Anca Dragan has a cool name, an impressive CV and an important job. While many roboticists focus on making AI better, faster and smarter, Dragan is also concerned about robot quality control. In anticipation of robots moving into every area of our lives, she wants to ensure our interactions with robots are positive ones. The computer scientist and robotics engineer is a principal investigator with UC Berkeley’s Center for Human-Compatible AI. “One particular area of interest is the problem of value alignment,” says Dragan. “How do you ensure that an artificially intelligent agent–be it a robot a few years from now or a much more capable agent in the future–how do you make sure that these agents optimize the right objectives? How do we teach them to optimize what we actually want optimized?”
Preventing undesirable robot behavior is becoming a priority as robots get more intelligent, more nimble and increasingly autonomous. It’s something a lot of people feel uneasy about, even if most of us don’t know enough about AI to put our concerns into quite the right words.
Finding the right words and dealing with communication breakdowns are at the very heart of a problem Dragan’s trying to tackle. She’s developing a new paradigm for machine learning to teach robots to do what we want–even if we can’t articulate what we really want.

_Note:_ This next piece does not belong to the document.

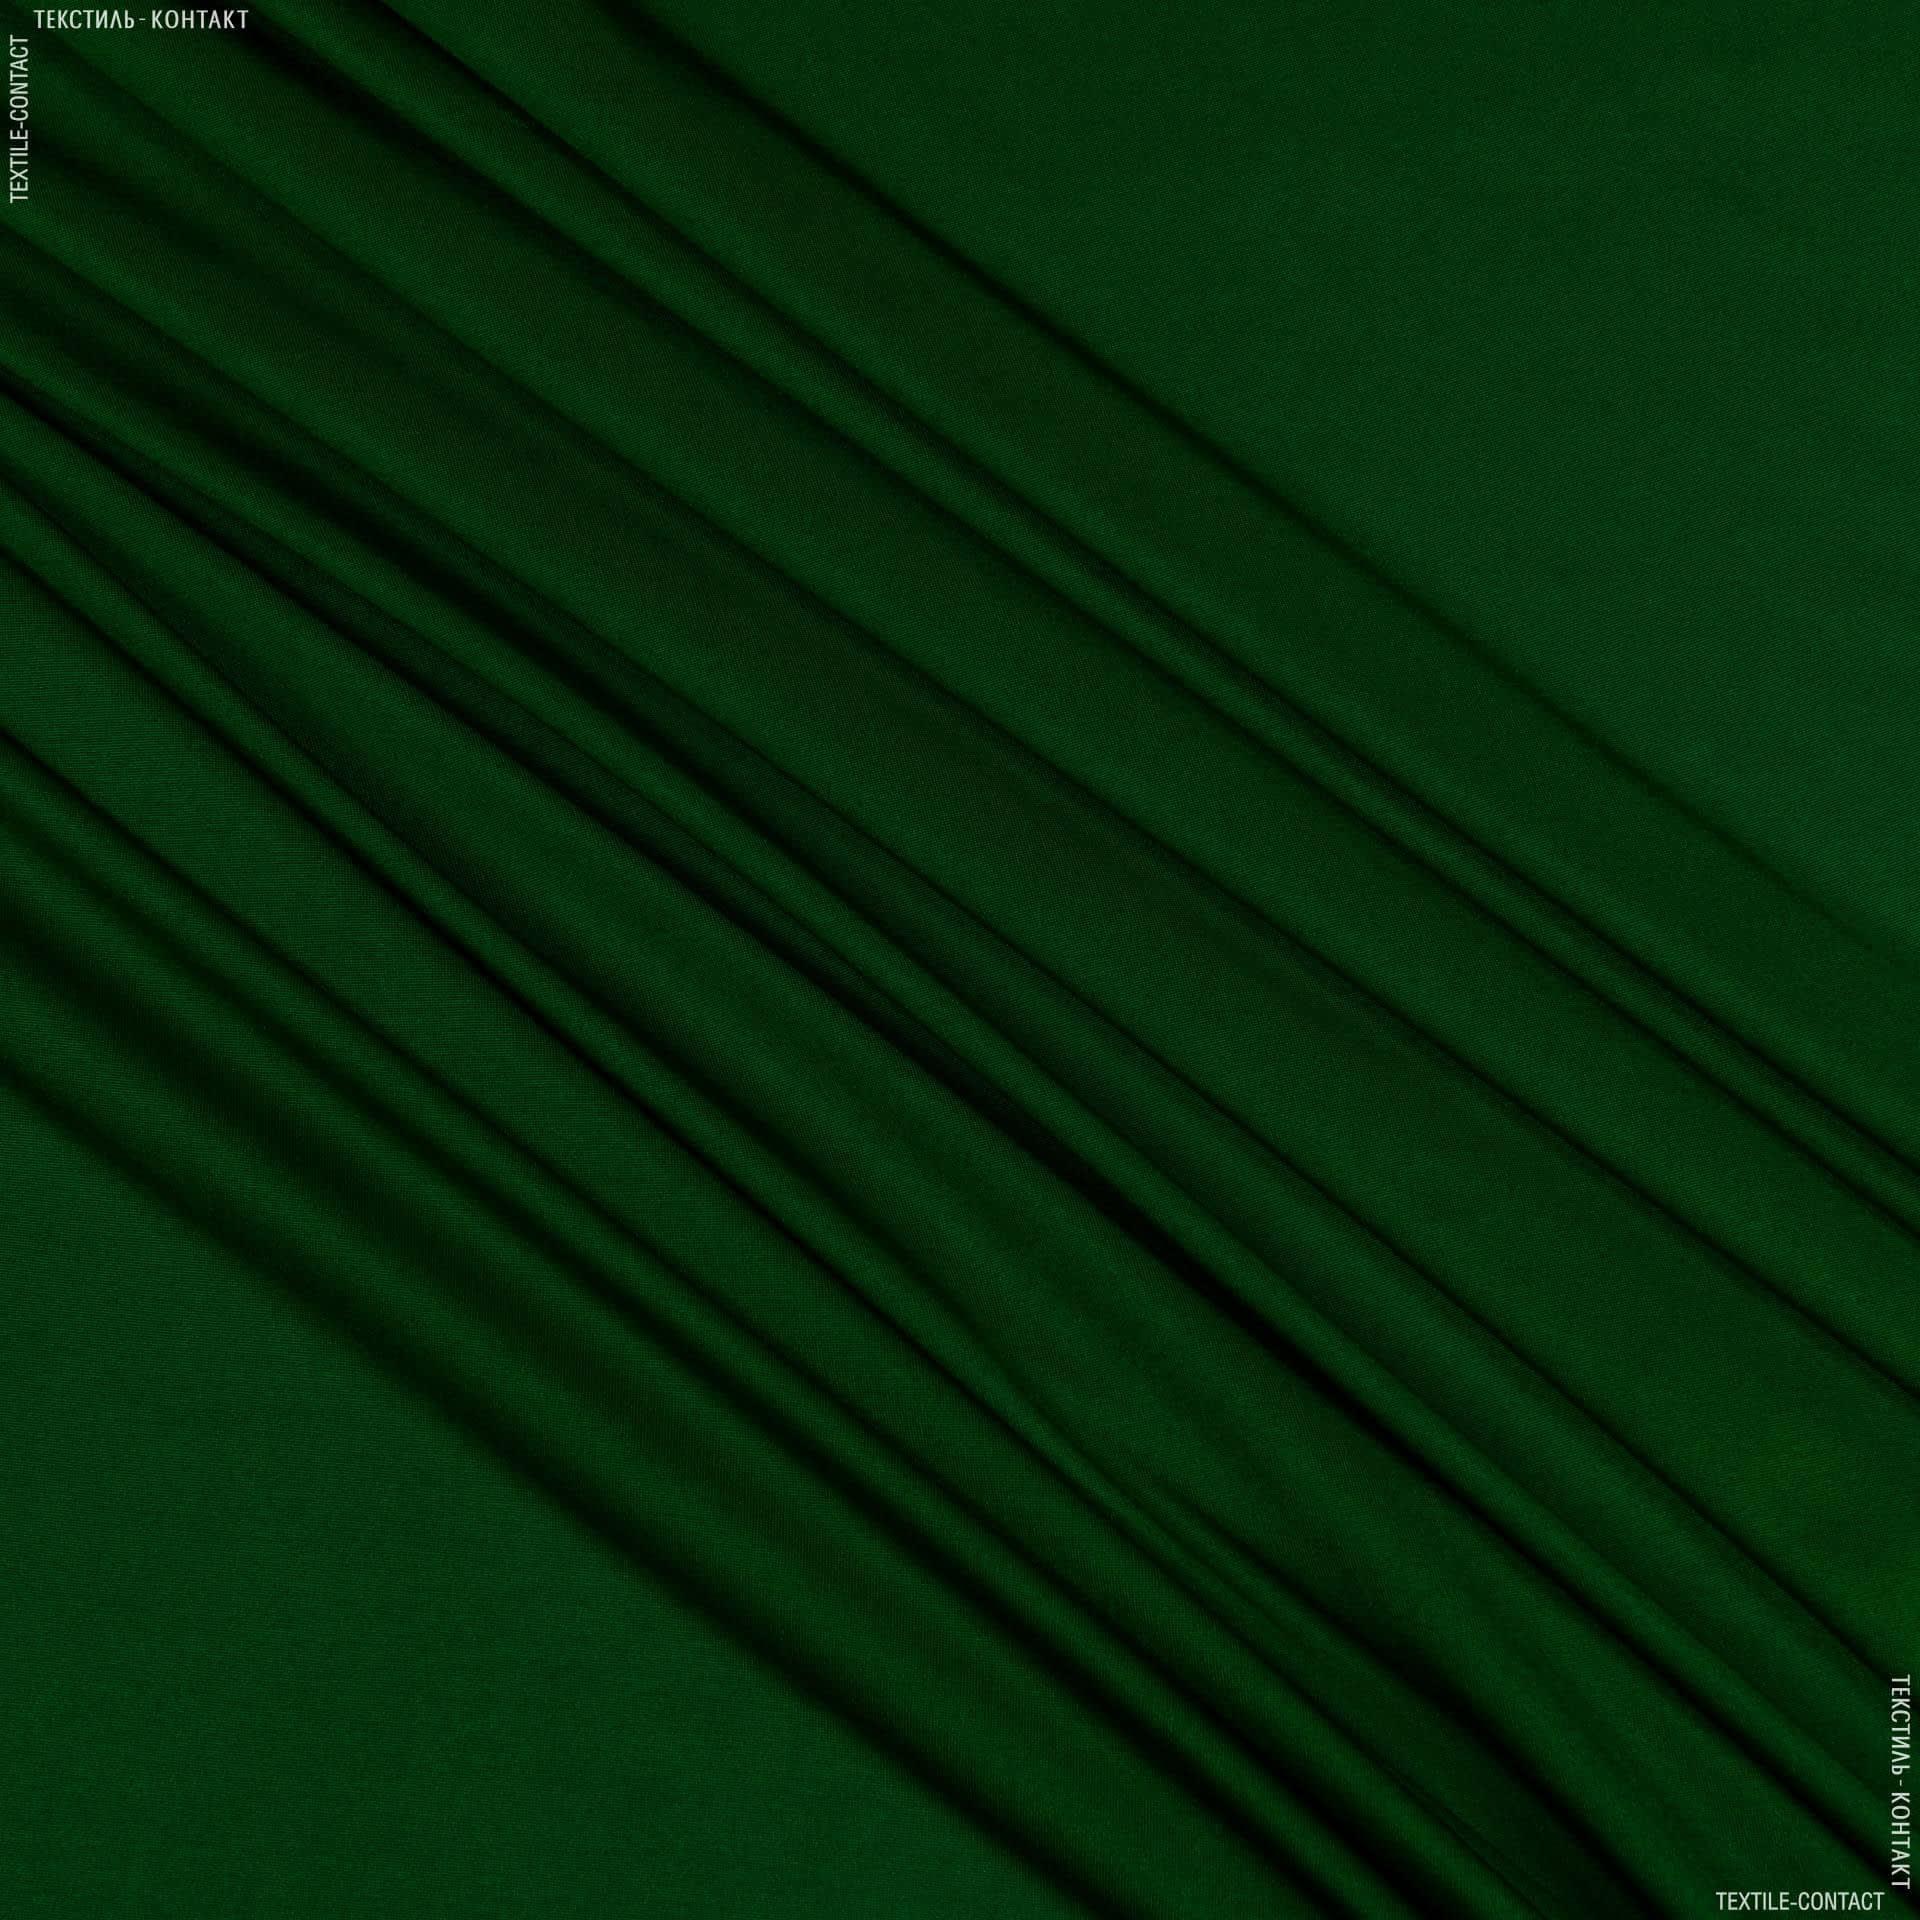 Ткани для платьев - Трикотаж жасмин светло-зеленый/трава

That’s literally not what I want.
With traditional AI learning models, the robot designer programs a piece of code that specifies a utility function. The robot moves through the world automated by this code, its directive. But capturing desirable behavior in a piece of code leaves robots considerably error-prone. We humans skip over a lot of important information when we specify what we want. For instance, you may want a windfall of cash with zero effort. Lacking the moral framework encoded in our DNA and reinforced by our social norms, the robot could determine the best way to get you what you want is to kill your parents for the inheritance. Endless possible sci-fi horror movie scenarios play out without the benefit of context, guidance and real-time stopgaps to interrupt a baby robot’s perversion of logic.
With a little imagination, Dragan and her fellow computer scientists can easily forecast and prevent more obvious penny dreadful outcomes. It’s trickier to account for undesirable robot outcomes hiding in our blind spots.

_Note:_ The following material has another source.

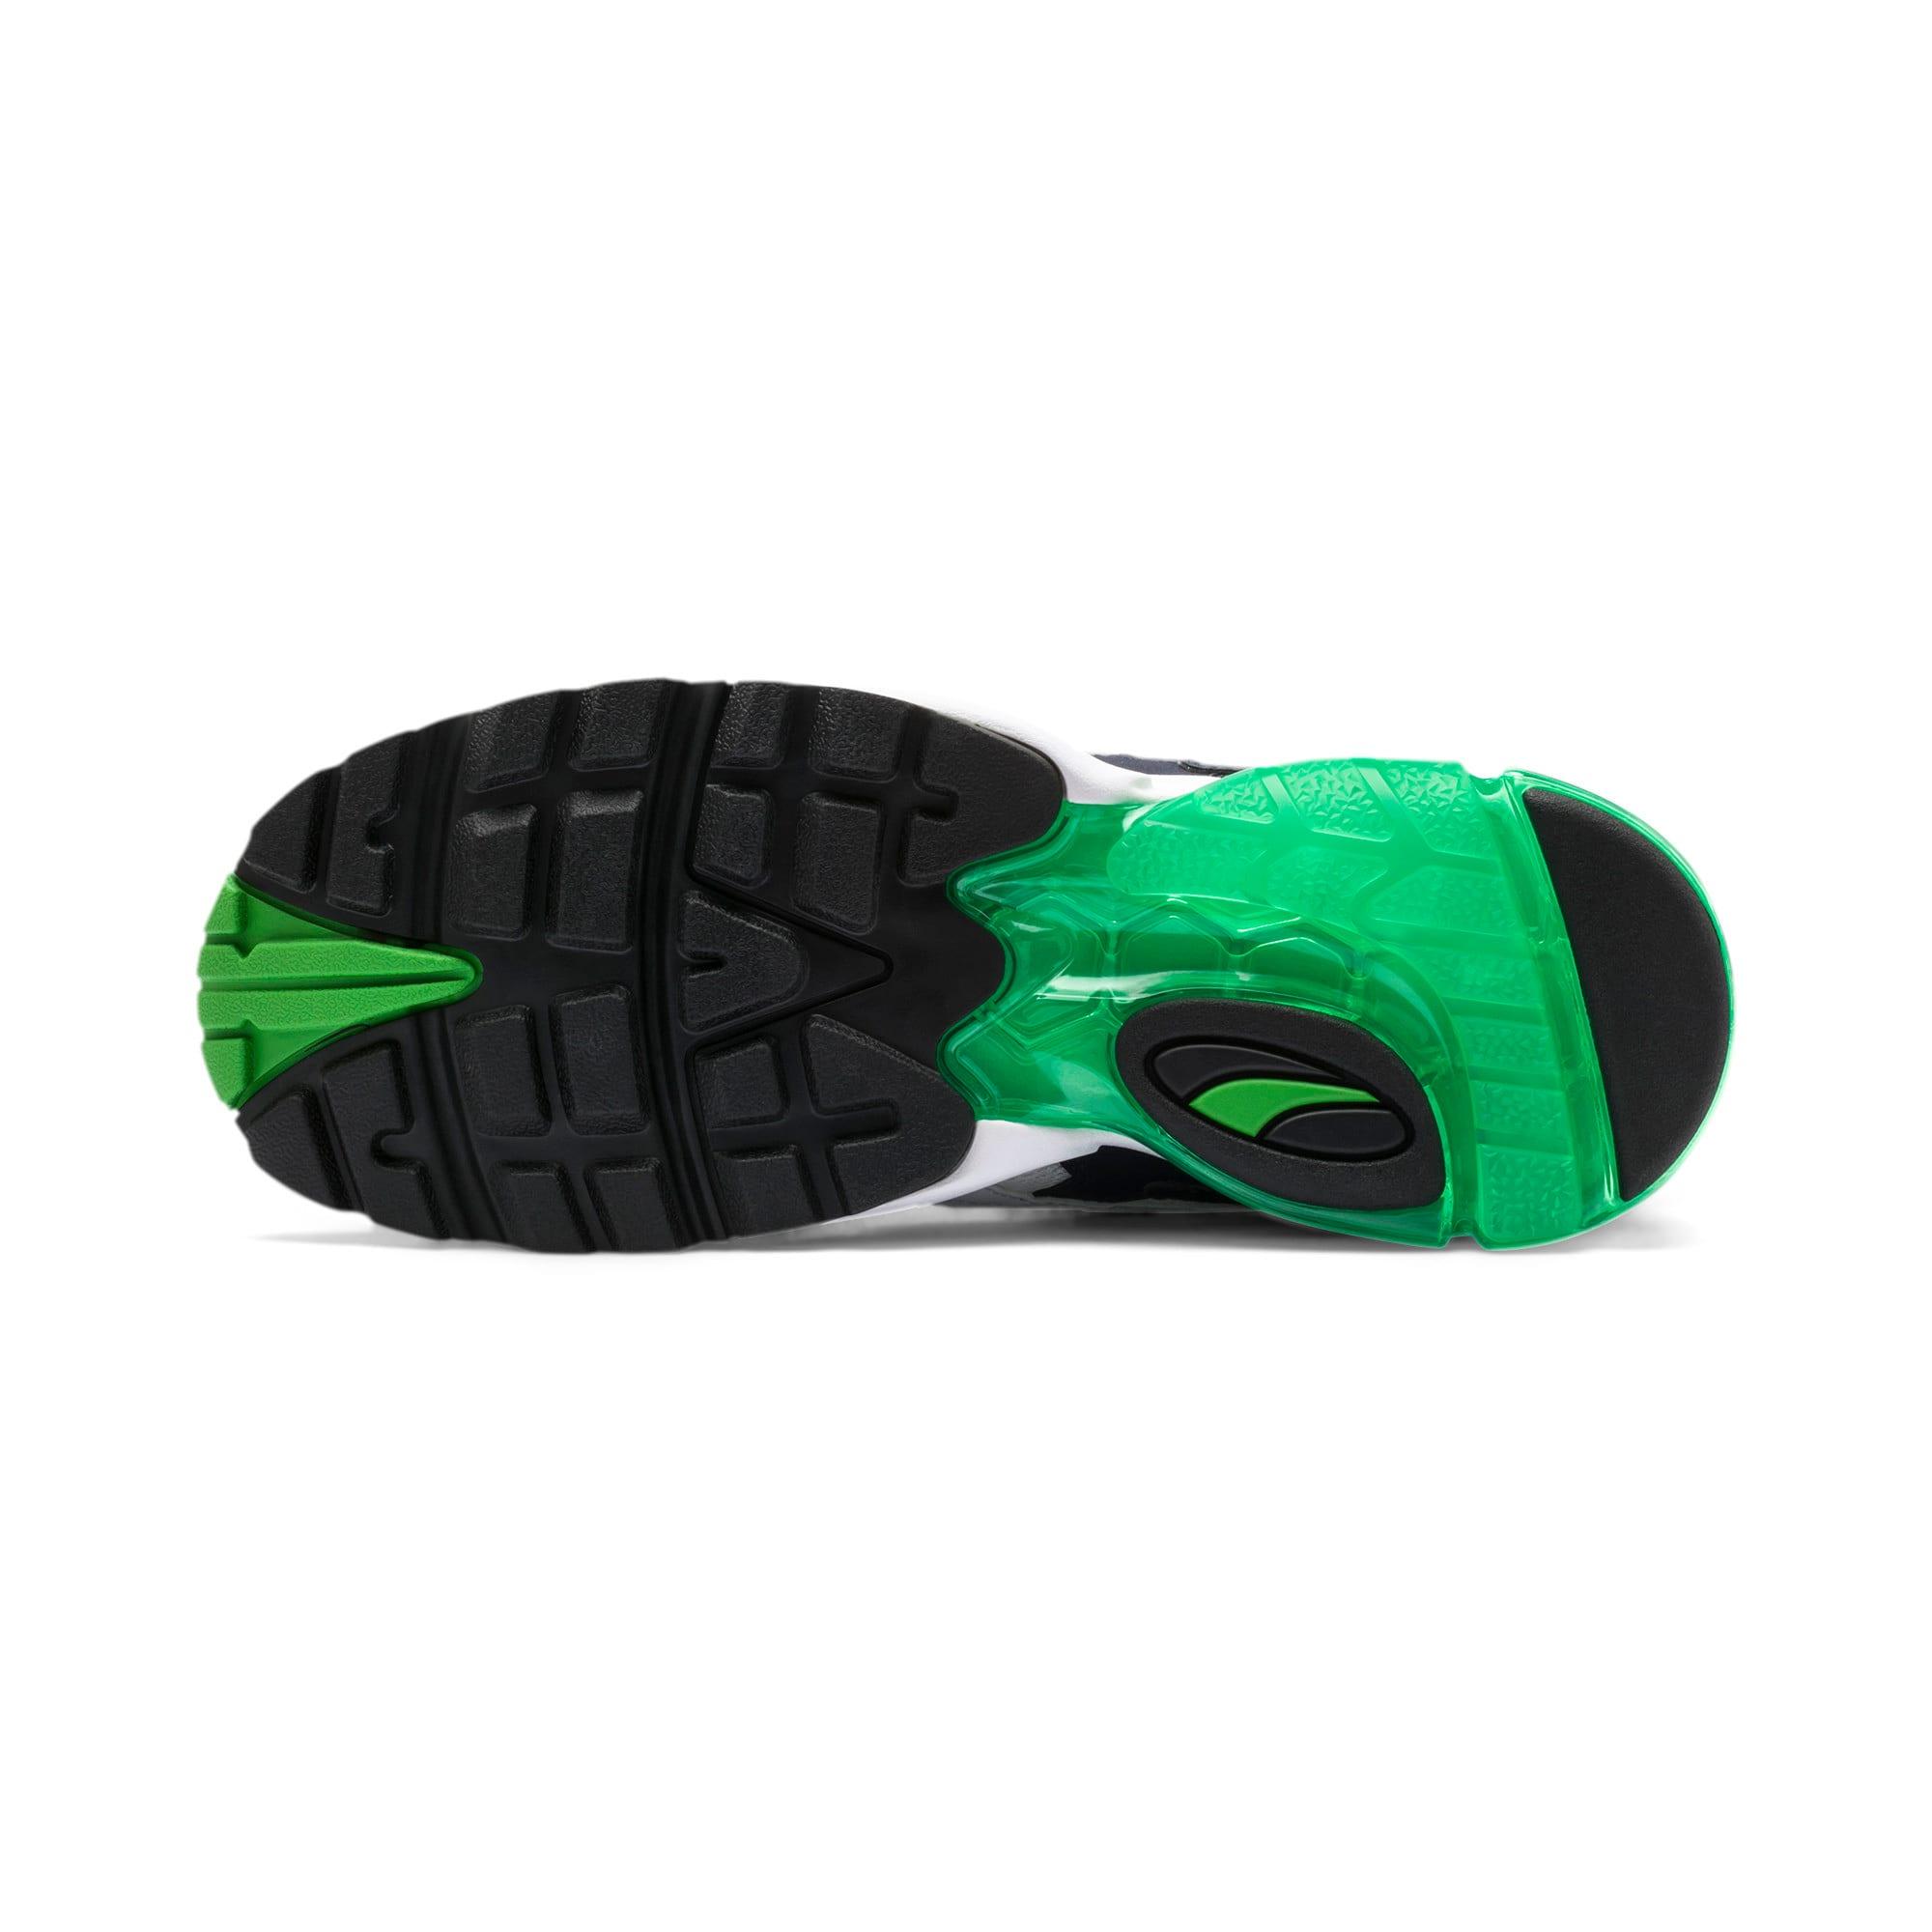 Thumbnail 5 of CELL Alien OG Sneakers, Peacoat-Classic Green, medium

We’ve already felt the fallout from an AI learning curve.
The threat isn’t some far-flung future concern, either. When it comes to AI, Dragan is mostly concerned about unintended consequences, some of which we’ve already experienced. “Social media feeds optimize for keeping you hooked, but that ends up biasing your political views even further,” says Dragan. “Or we use algorithms we believe are more accurate to make important decisions, but they turn out to be biased. Or, we train learning systems to care about accuracy, treating every mistake as just as important when, in fact, some mistakes have much bigger implications in practice than others. A lot of these issues stem from us not being able to specify the objective we really want, and it’s not our fault–it’s really hard sometimes. That’s why I believe as we build tools that can better optimize any objective, we need to also build tools that work with people to figure out what the right objectives are.”

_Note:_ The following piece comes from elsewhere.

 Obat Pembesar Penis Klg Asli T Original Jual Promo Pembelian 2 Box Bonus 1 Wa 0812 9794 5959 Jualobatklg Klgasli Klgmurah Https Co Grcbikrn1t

Teaching machines to second-guess us.
In Dragan’s new learning paradigm, a robot collects clues from people and its environment about what we might really want. “We have these internal states that robots can’t directly observe and they have to estimate,” says Dragan. Especially as directives become more complex.
Now, when a designer specifies a utility function, the robot doesn’t get obsessive about its objective. Instead, it considers the utility function a crucial data point about the desired outcome. “We work with probability distributions, instead of just taking the utility function that was specified and sticking to it,” says Dragan. The robot determines that the specified goal is likely desired but it also considers various other options the designer may have meant. At this point, the robot can either act conservatively, or it can try something new that Dragan and her team are working on: getting the robot to go back to the designer and ask questions like, “hey, I just want to double-check if you meant what you said, or maybe it’s this other thing that you want?”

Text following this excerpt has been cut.